PBOC’s Zhou Warns Of “Sudden, Complex, Hidden, Contagious, Hazardous” Risks In Global Markets

Just two weeks after warning of the potential for an imminent ‘Minsky Moment’, Chinese central bank governor Zhou Xiaochuan has penned a lengthy article on The PBOC’s website that warns ominously of latent risks accumulating, including some that are “hidden, complex, sudden, contagious and hazardous,” even as the overall health of the financial system appears good.

The imminence of China’s Minksy Moment is something we have discussed numerous times this year.

The three credit bubbles shown in the chart above are connected. Canada and Australia export raw materials to China and have been part of China’s excessive housing and infrastructure expansion over the last two decades. In turn, these countries have been significant recipients of capital inflows from Chinese real estate speculators that have contributed to Canadian and Australian housing bubbles. In all three countries, domestic credit-to-GDP expansion financed by banks has created asset bubbles in self-reinforcing but unsustainable fashion.
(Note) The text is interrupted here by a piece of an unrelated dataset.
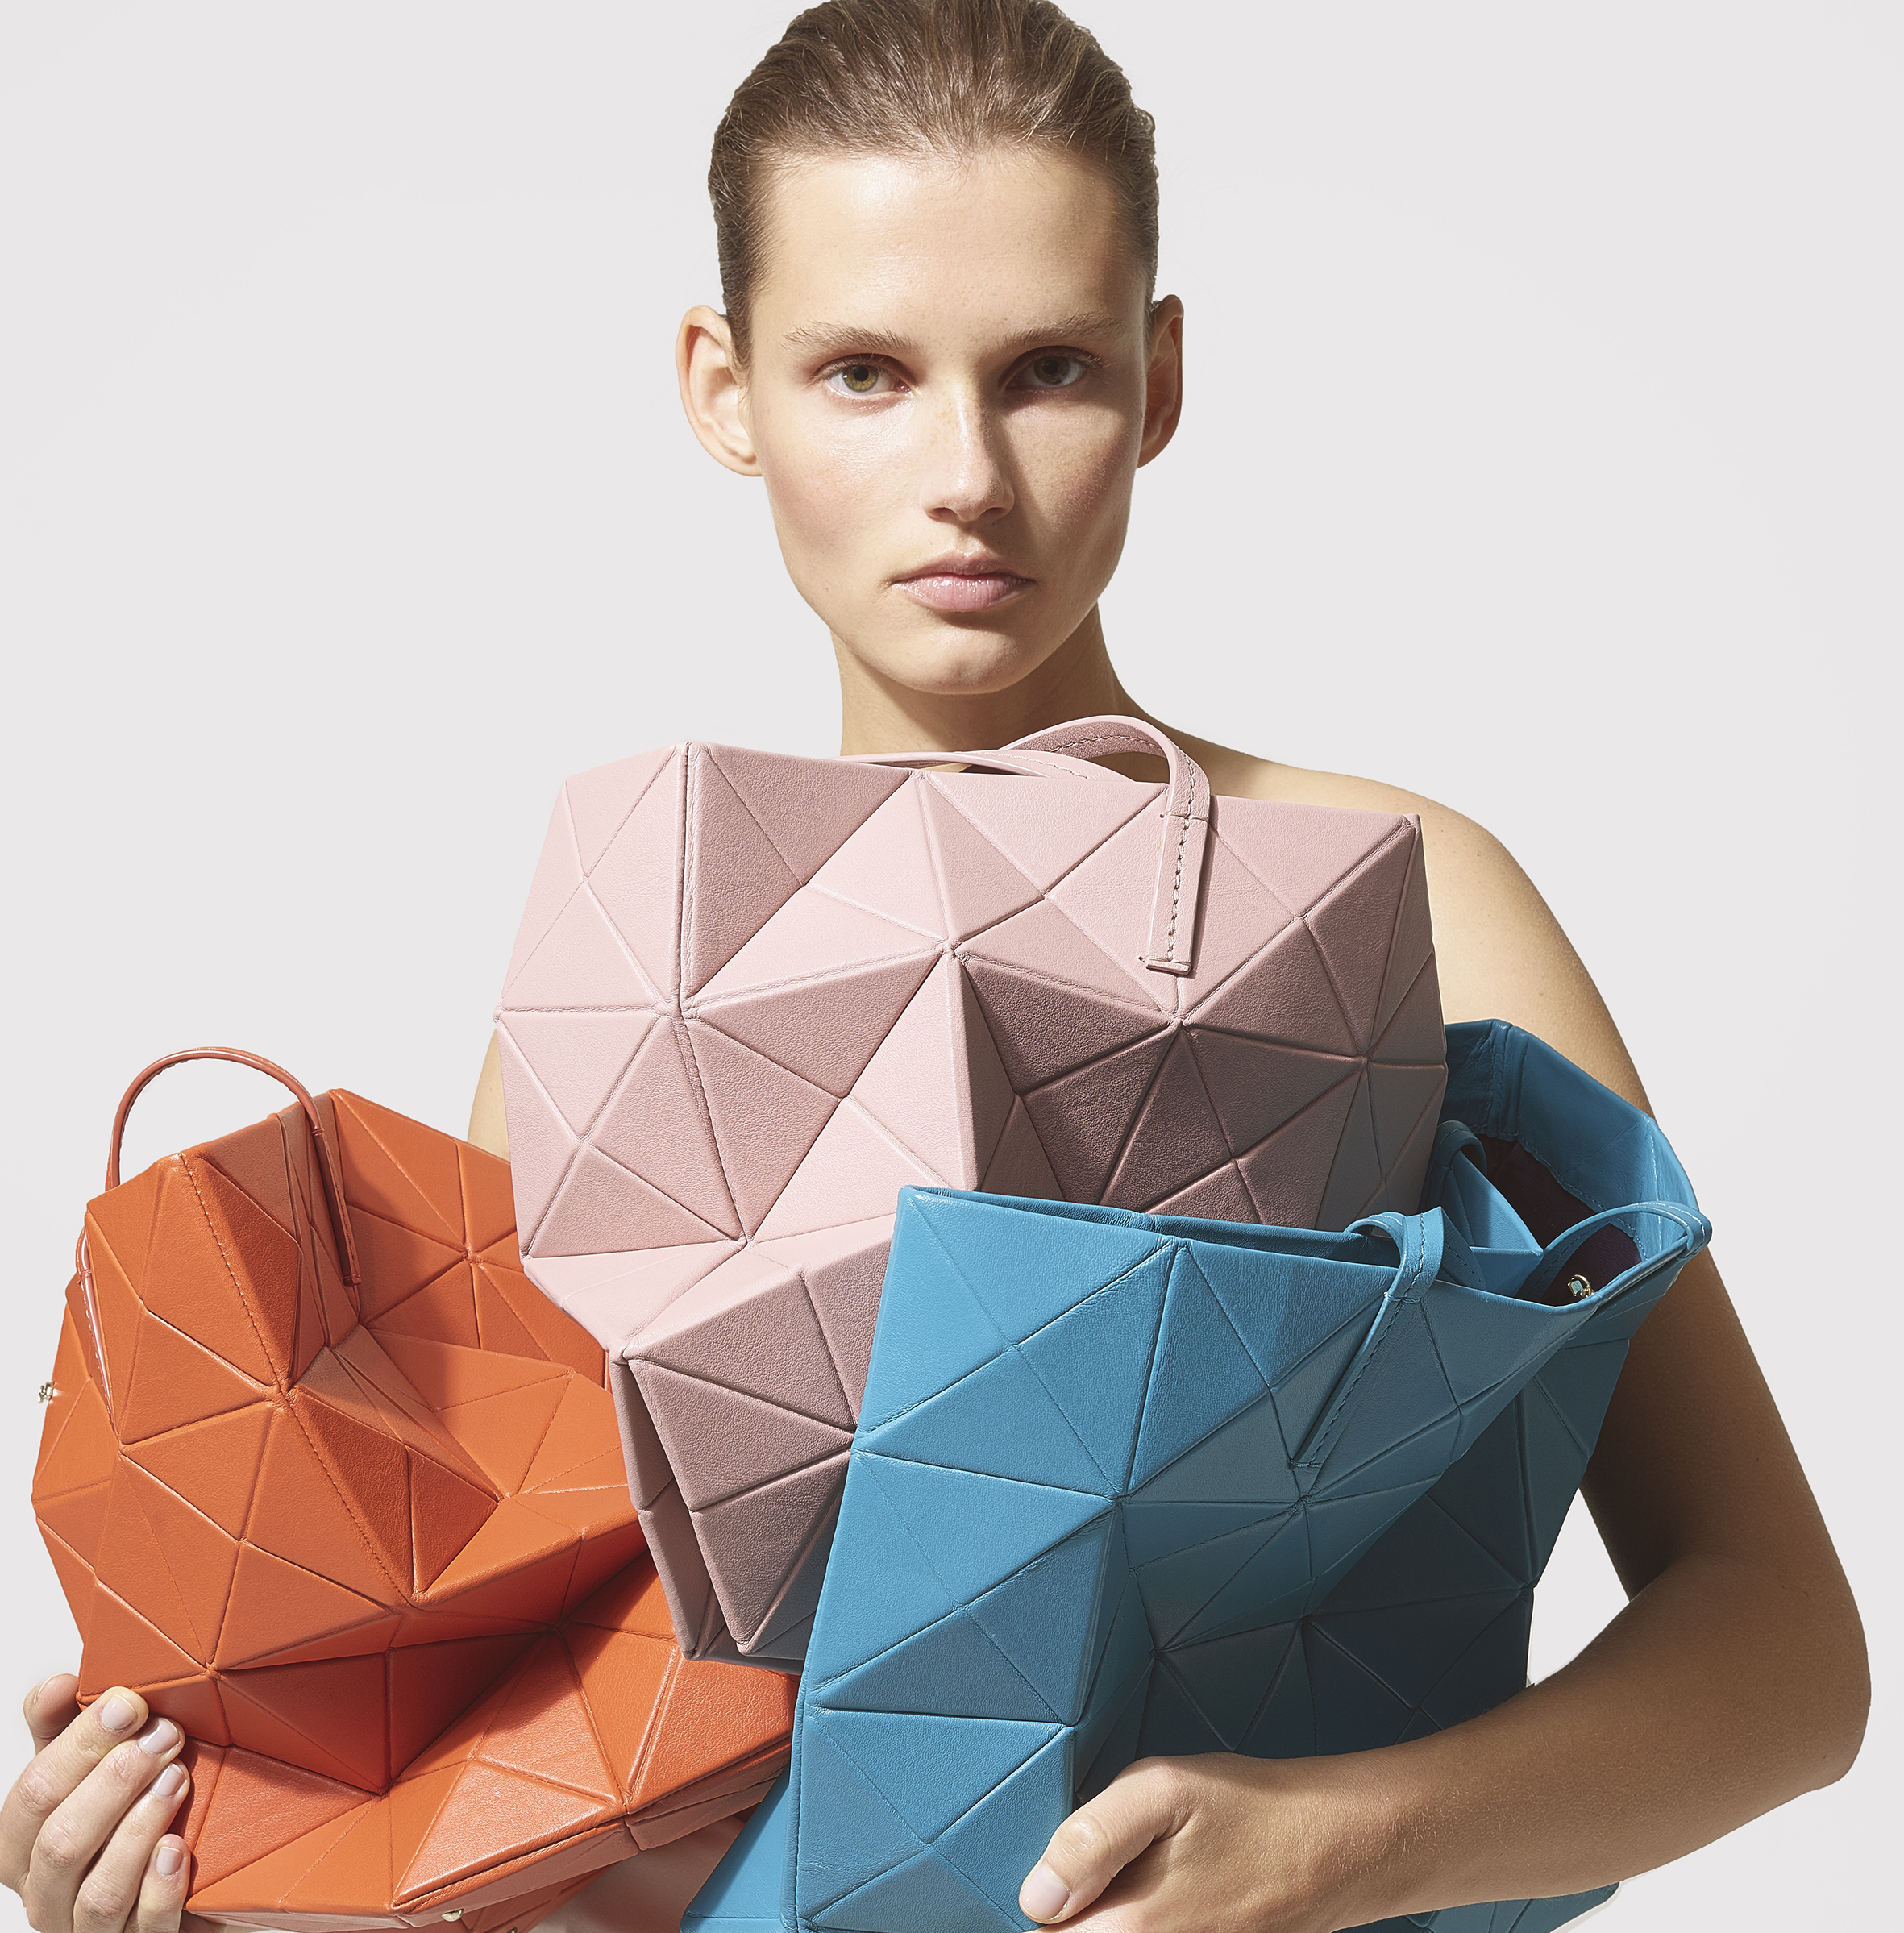 SS17 García accessories: the Origami bag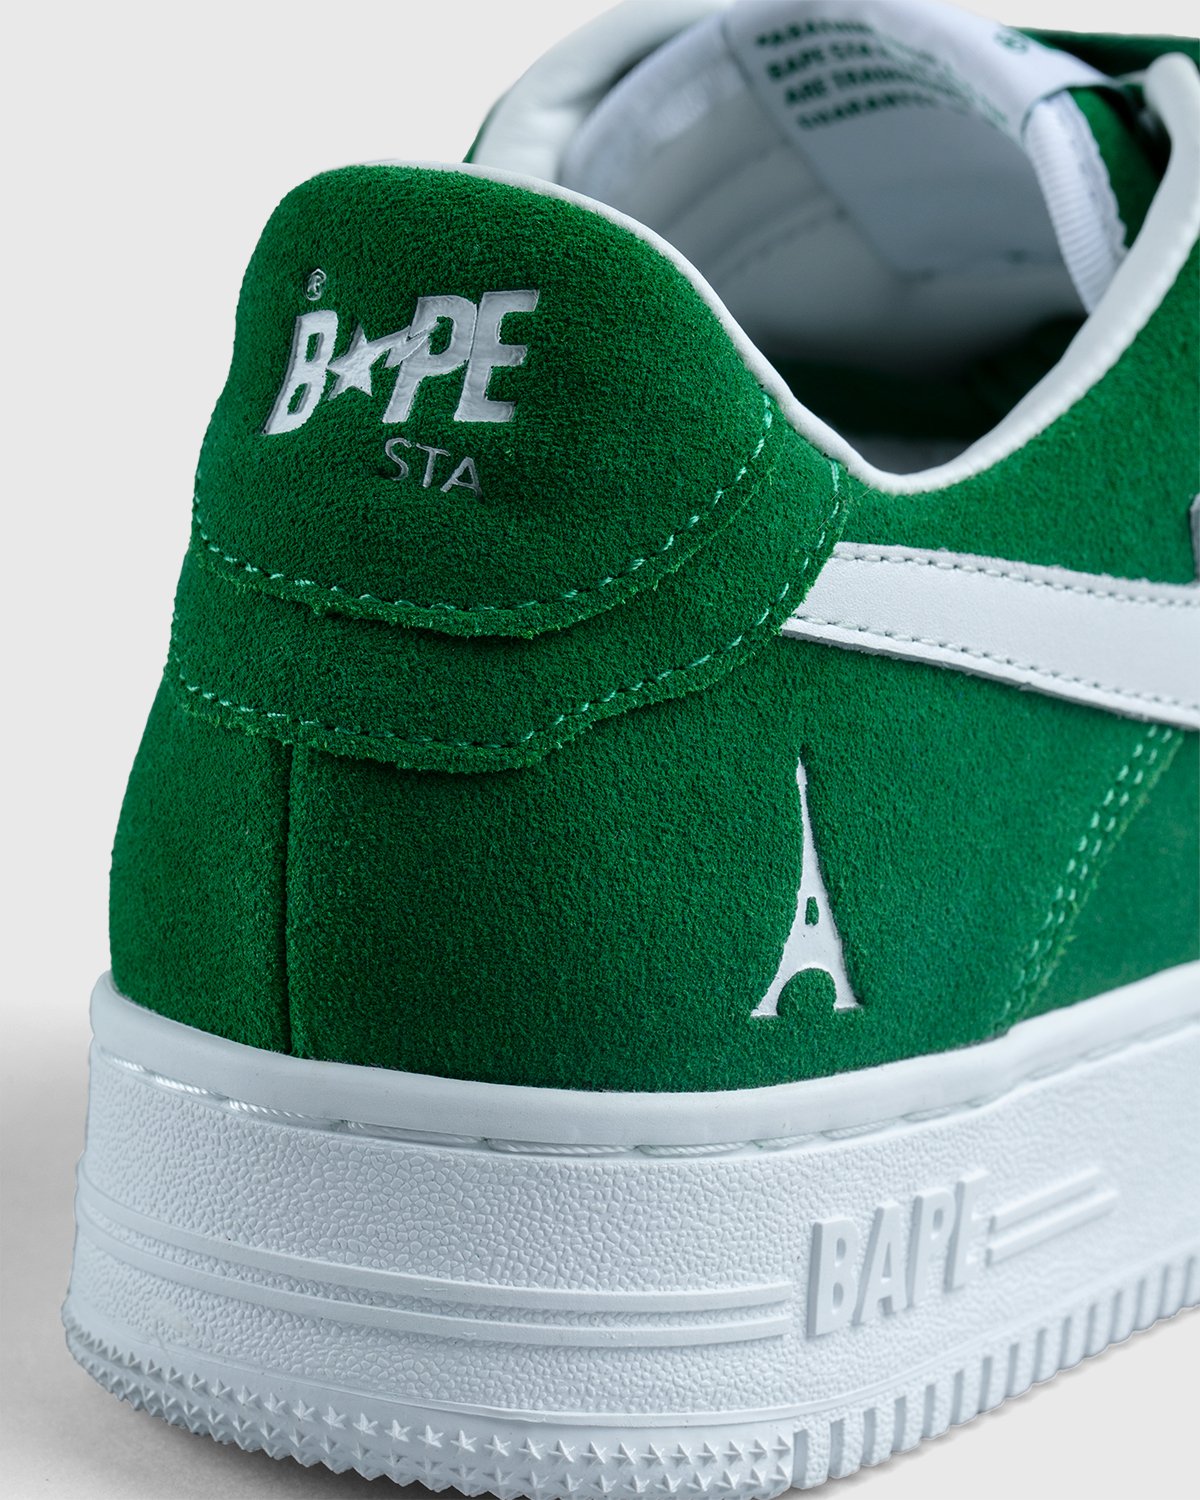 BAPE x Highsnobiety - BAPE STA Green - Footwear - Green - Image 7

And then at the latest Communist Party Congress meeting in Beijing, the governor of the PBoC (People’s Bank of China) said the following;

“If we are too optimistic when things go smoothly, tensions build up, which could lead to a sharp correction, what we call a ‘Minsky moment’. That’s what we should particularly defend against.”

Yet, stock markets shrugged off his warning… while the Chinese yield curve has now been inverted for 10 straight days – the longest period of inversion ever…

Which appears to be why he wrote his most recent and most ominous warning yet… (as Bloomberg reports)

The nation should toughen regulation and let markets serve the real economy better, according to Zhou.

The government should also open up financial markets by relaxing capital controls and reducing restrictions on non-Chinese financial institutions that want to operate on the mainland, he wrote.